What is hadoop definition and need?
Definition of Hadoop:
Today our data growing so rapidly on internet and these data are unstructured format. The time has come for you to re-check your approach to data storage, data management, and data paralytics.
Hadoop framework for programming:
Hadoop is a free open source, Java-based framework for programming that supports the processing of large data sets in a distributed computing environment. It is part of the Apache project sponsored by the Apache Software Foundation.
Hadoop can handle all types of data from disparate systems: structured, unstructured, log files, pictures, audio files, text – just about anything you can think have, regardless of its native format. Furthermore, you can put it all in your Hadoop cluster with no prior need for a schema. In other words, you don’t need to know how you intend to query your data before you store it
What Is Apache Hadoop?
The Apache Hadoop project develops open-source software for reliable, scalable, distributed computing.
Framework that allows for the distributed processing.
It is designed to scale up from single servers to thousands of machines.
Highly-available service on top of a cluster of computers for storing large amount of data.
The Hadoop project includes these modules:
Hadoop Common: The common utilities that support the other Hadoop modules.
Hadoop Distributed File System: A distributed file system that provides high-throughput access to application data.

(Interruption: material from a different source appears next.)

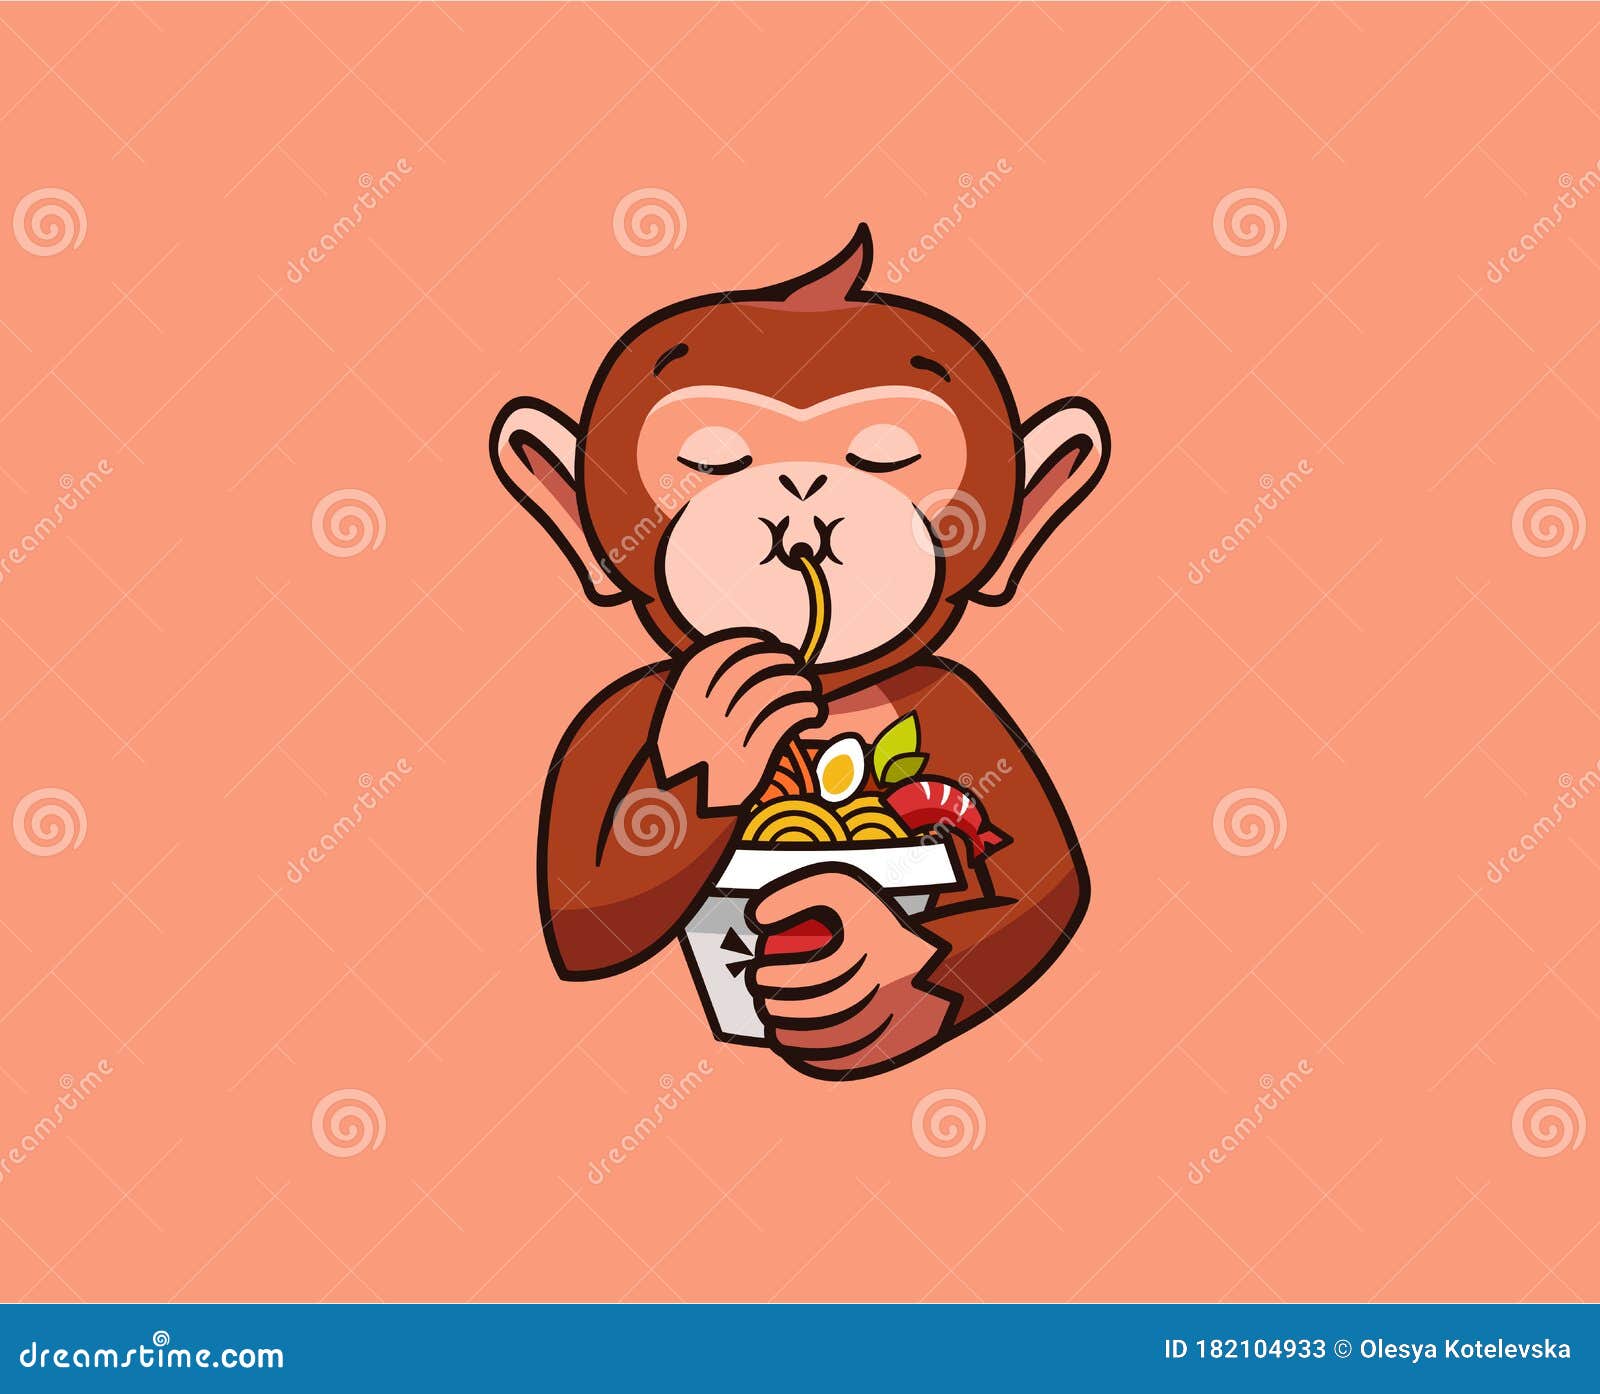 The Logo Funny Monkey Eats Noodles. Food Logotype, Cute Animal Macaque  Stock Vector - Illustration of macaque, spaghetti: 182104933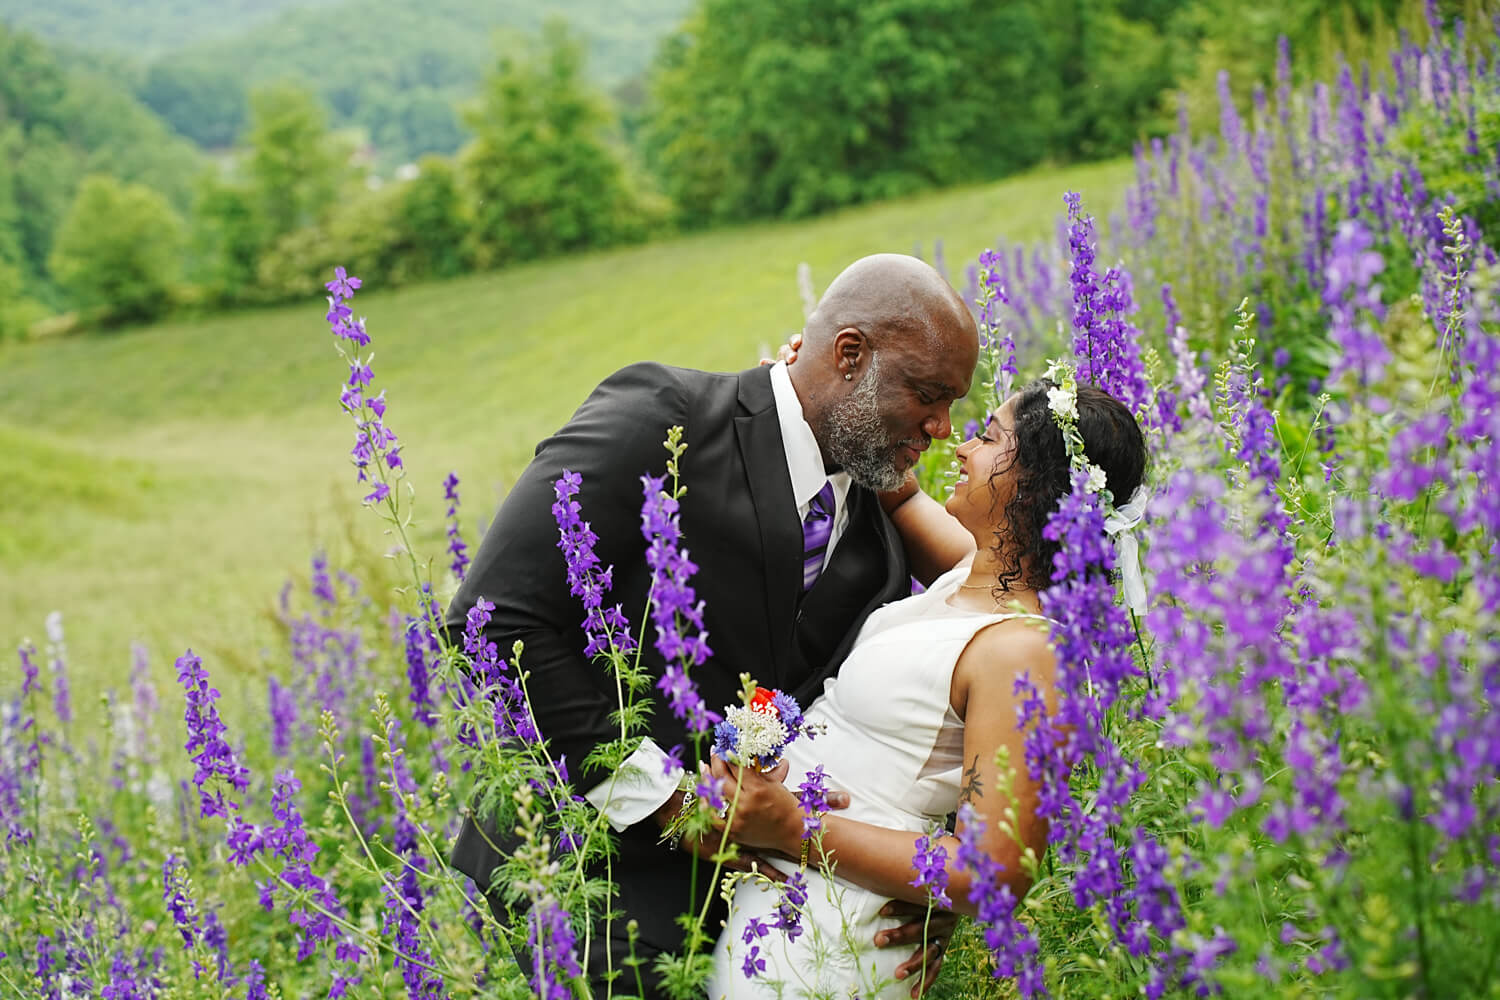 Romantic couple in a field of purple blooming larkspur

Hadoop YARN: A framework for job scheduling and cluster resource management.
Hadoop MapReduce: A YARN-based system for parallel processing of large data sets.
HDFS (Hadoop Distributed File System):
Support for POSIX-style filesystem extended attributes. See the user documentation for more details.
Using the OfflineImageViewer, clients can now browse an fsimage via the WebHDFS API.
The NFS gateway received a number of supportability improvements and bug fixes. The Hadoop portmapper is no longer required to run the gateway, and the gateway is now able to reject connections from unprivileged ports.
The SecondaryNameNode, JournalNode, and DataNode web UIs have been modernized with HTML5 and Javascript.